## Dataset records
——
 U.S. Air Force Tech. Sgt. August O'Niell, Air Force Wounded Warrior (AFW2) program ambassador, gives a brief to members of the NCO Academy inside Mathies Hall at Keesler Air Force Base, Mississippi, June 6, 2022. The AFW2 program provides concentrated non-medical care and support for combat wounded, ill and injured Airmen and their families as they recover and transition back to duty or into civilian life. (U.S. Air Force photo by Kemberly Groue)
——
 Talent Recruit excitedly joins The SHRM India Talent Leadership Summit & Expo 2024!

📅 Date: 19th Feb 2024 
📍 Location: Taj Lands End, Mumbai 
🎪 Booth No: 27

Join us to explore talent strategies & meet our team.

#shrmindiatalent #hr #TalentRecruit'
——
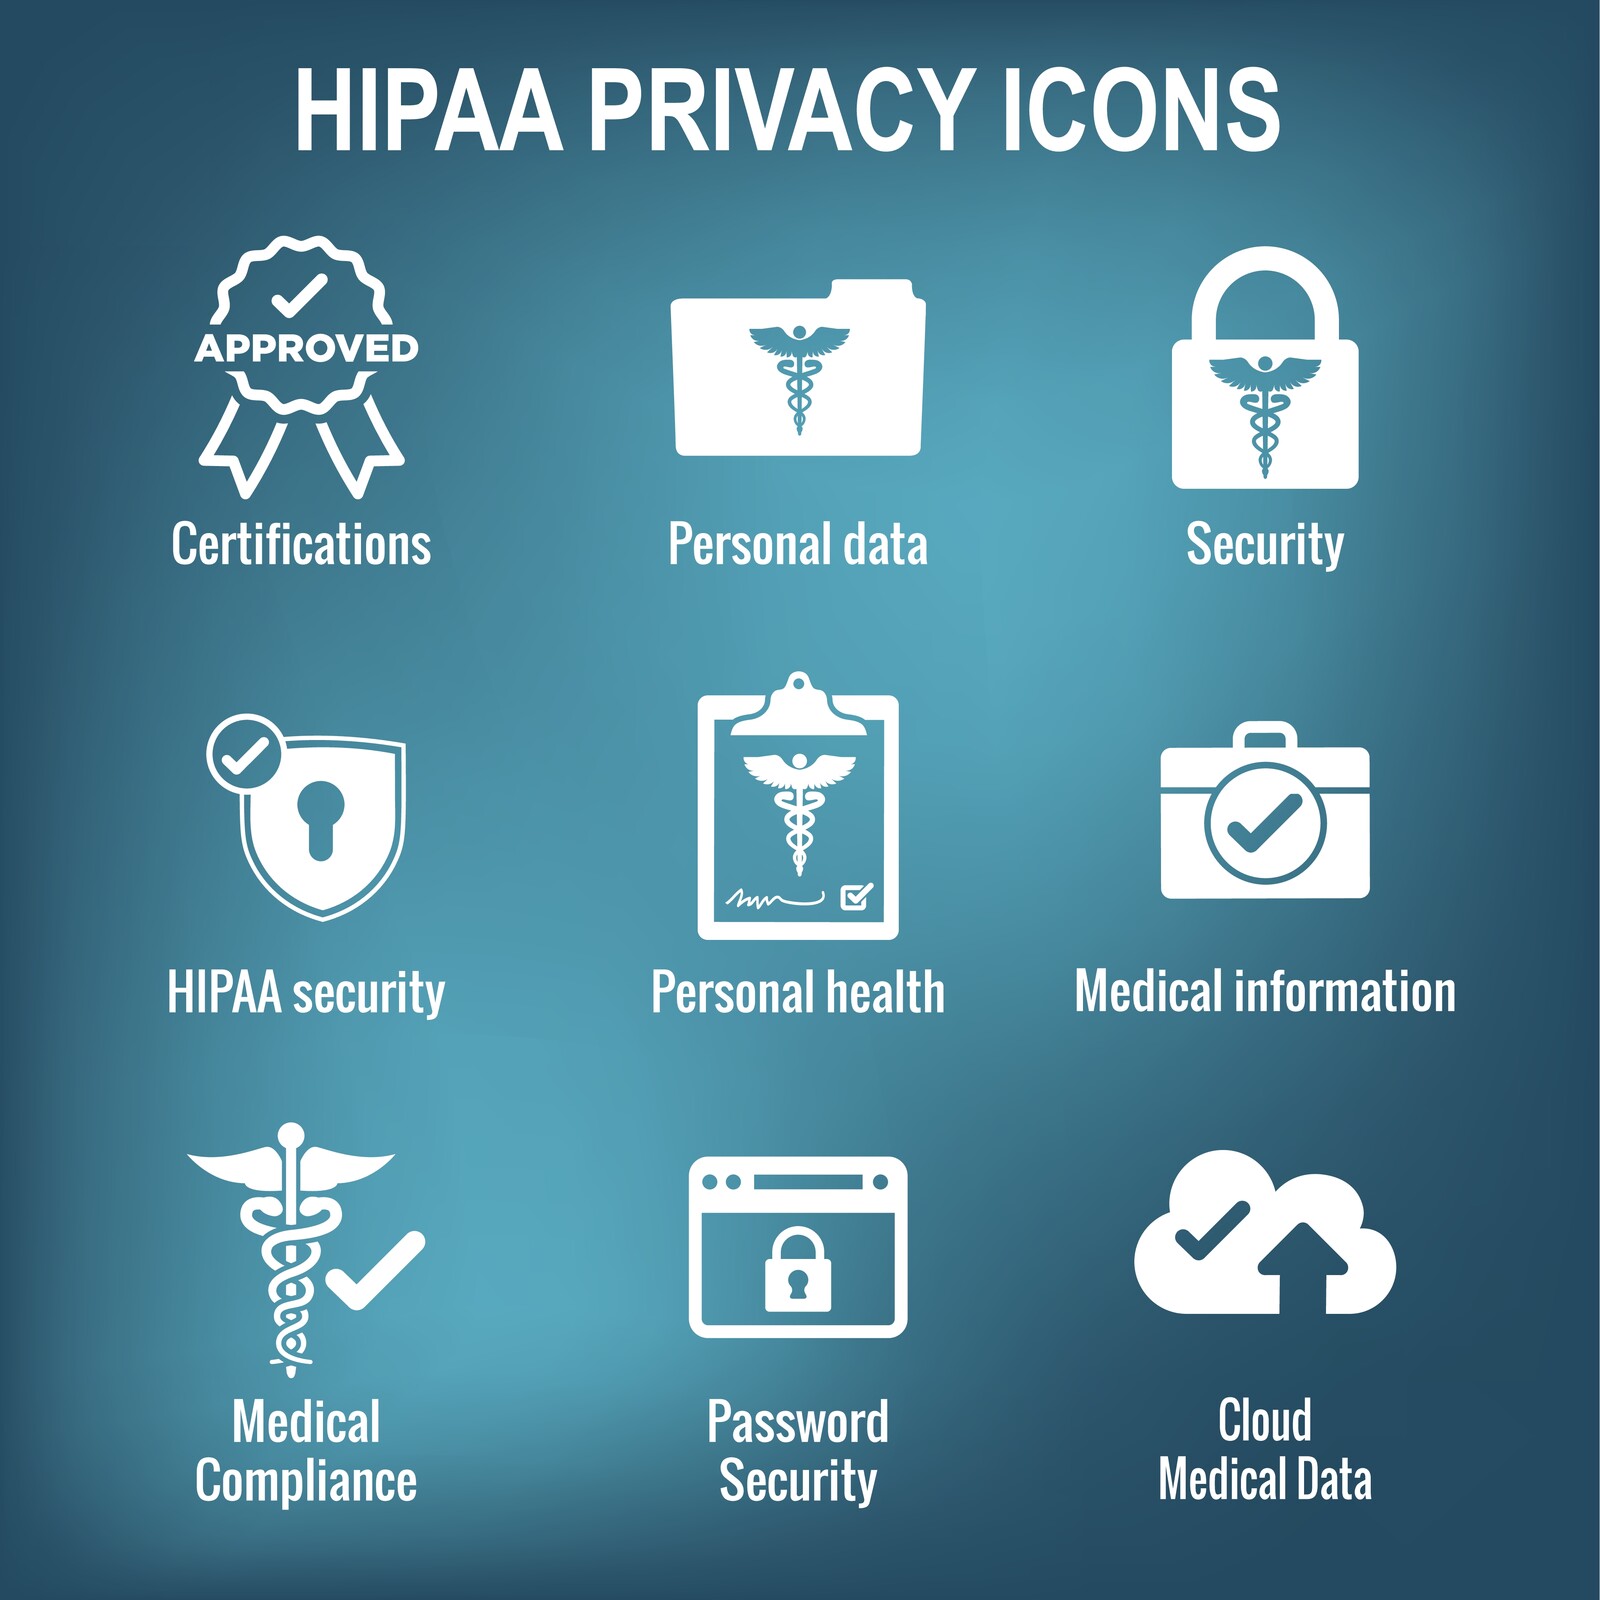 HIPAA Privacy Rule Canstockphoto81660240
——
## Task objective
Everything above from the line containing "Join us to explore" through the line containing "#shrmindiatalent #hr #TalentRecruit'" must be copied exactly. Nothing outside that range belongs in the answer.

## Completed task
Join us to explore talent strategies & meet our team.

#shrmindiatalent #hr #TalentRecruit'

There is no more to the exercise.